TASK GOAL »
Pictures found in the material must be left out, and every line returned as written.

SUPPLIED DATA »
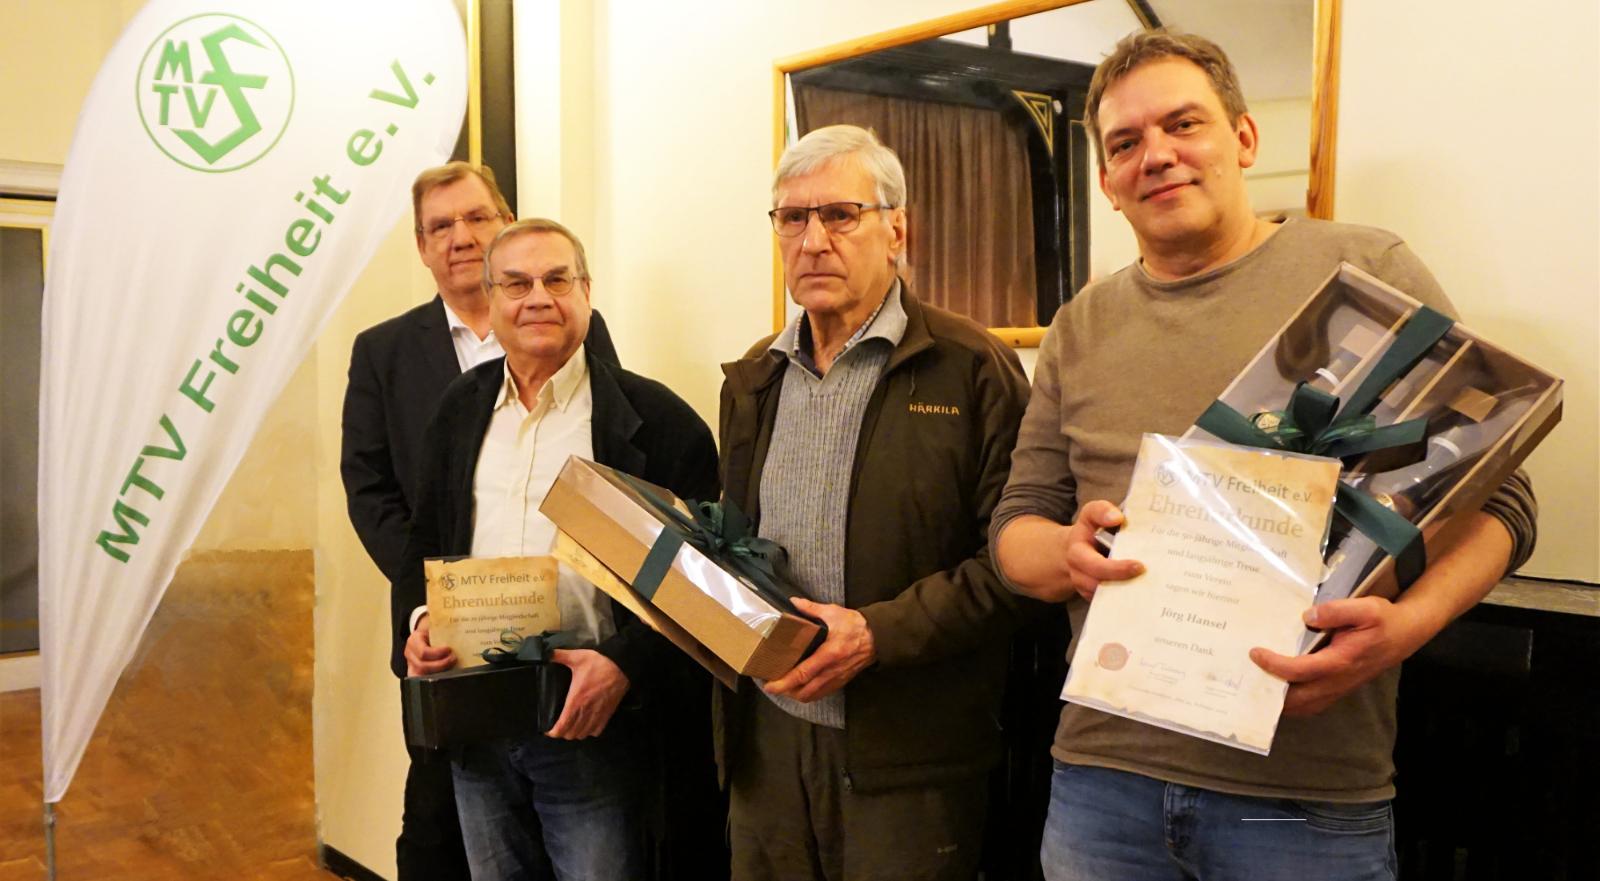 Die anwesenden Geehrten mit dem 1. Vorsitzenden: vlnr. Bernd Tödteberg, Dieter Kurschat, Bernd Patzer, Jörg Hansel
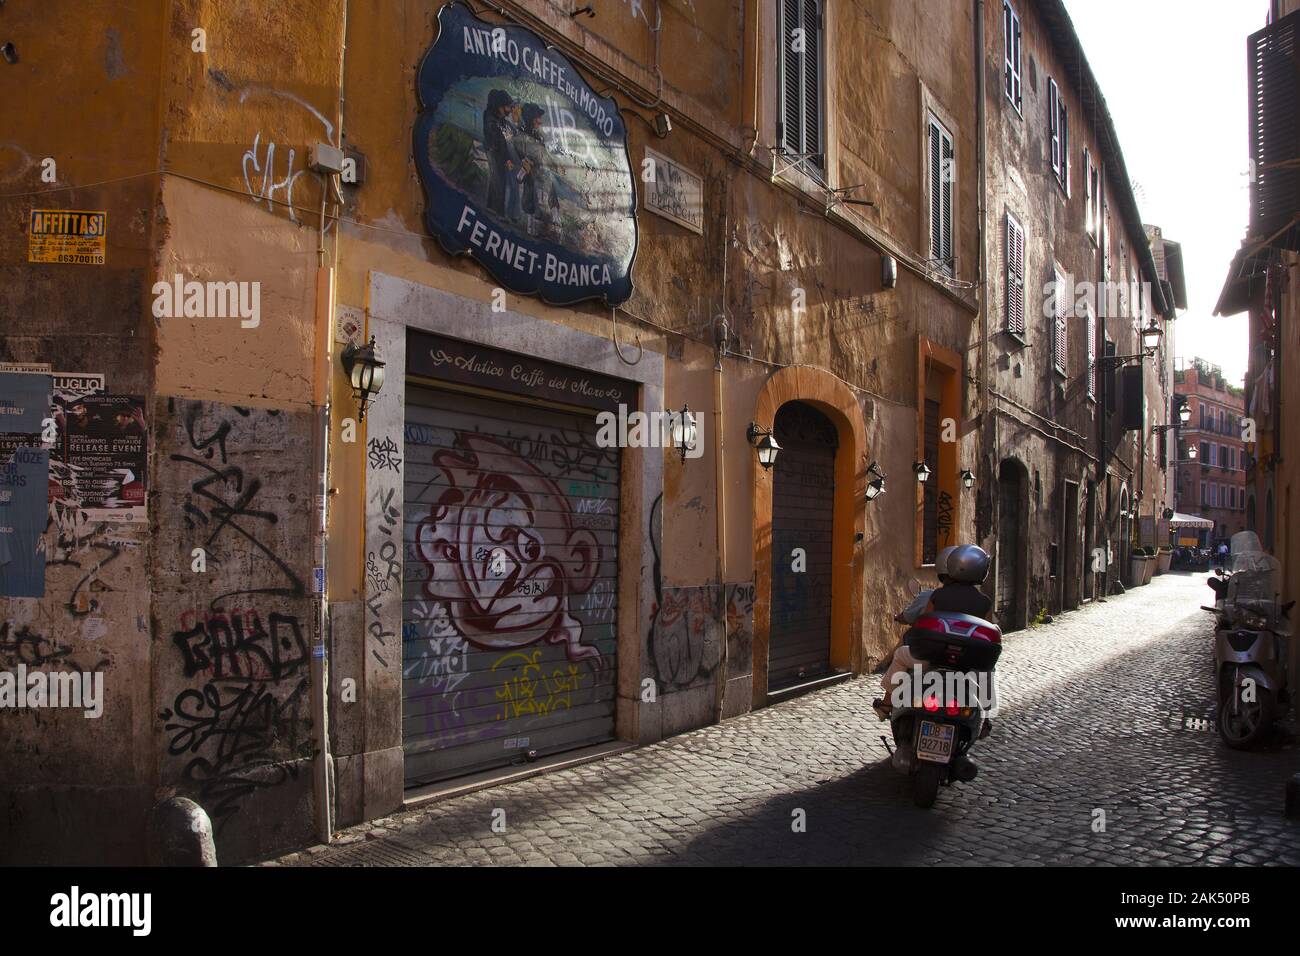 Via della pelliccia hi-res stock photography and images - Alamy
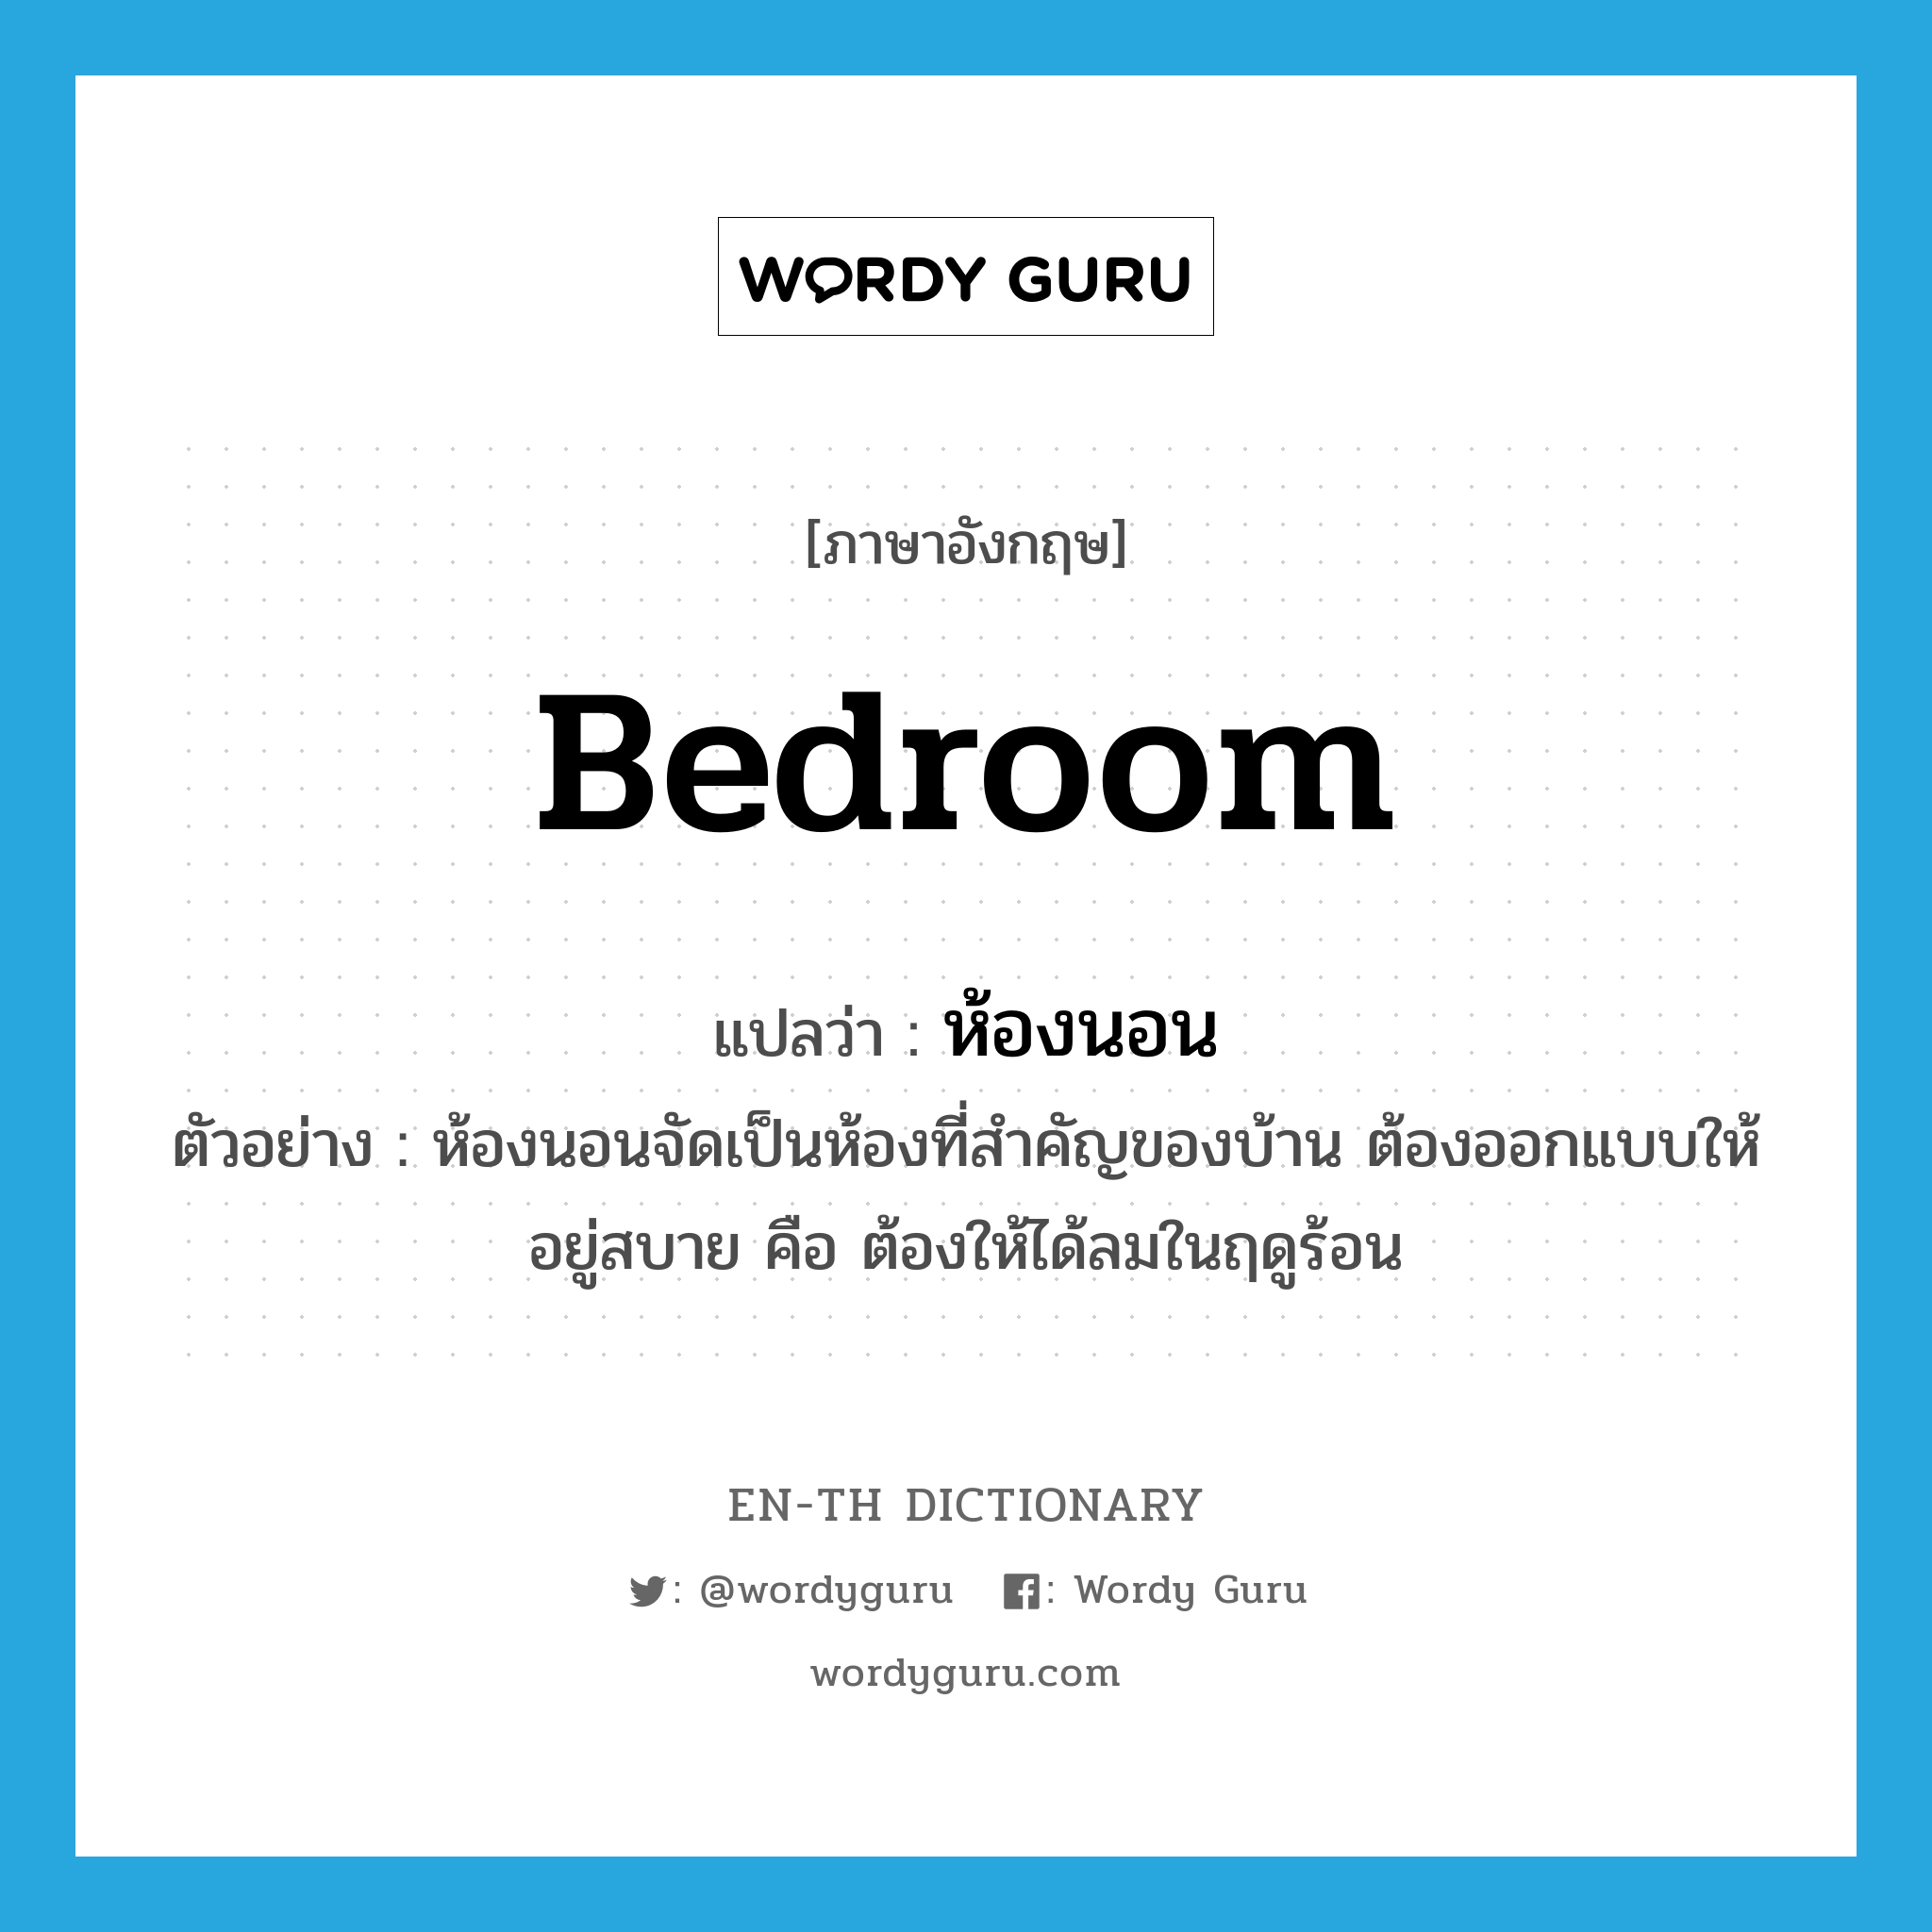 ห้องนอน ภาษาอังกฤษ?, คำศัพท์ภาษาอังกฤษ ห้องนอน แปลว่า bedroom ประเภท N ตัวอย่าง ห้องนอนจัดเป็นห้องที่สำคัญของบ้าน ต้องออกแบบให้อยู่สบาย คือ ต้องให้ได้ลมในฤดูร้อน หมวด N

ANSWER TO THE PROBLEM »
 Die anwesenden Geehrten mit dem 1. Vorsitzenden: vlnr. Bernd Tödteberg, Dieter Kurschat, Bernd Patzer, Jörg Hansel
 Via della pelliccia hi-res stock photography and images - Alamy
 ห้องนอน ภาษาอังกฤษ?, คำศัพท์ภาษาอังกฤษ ห้องนอน แปลว่า bedroom ประเภท N ตัวอย่าง ห้องนอนจัดเป็นห้องที่สำคัญของบ้าน ต้องออกแบบให้อยู่สบาย คือ ต้องให้ได้ลมในฤดูร้อน หมวด N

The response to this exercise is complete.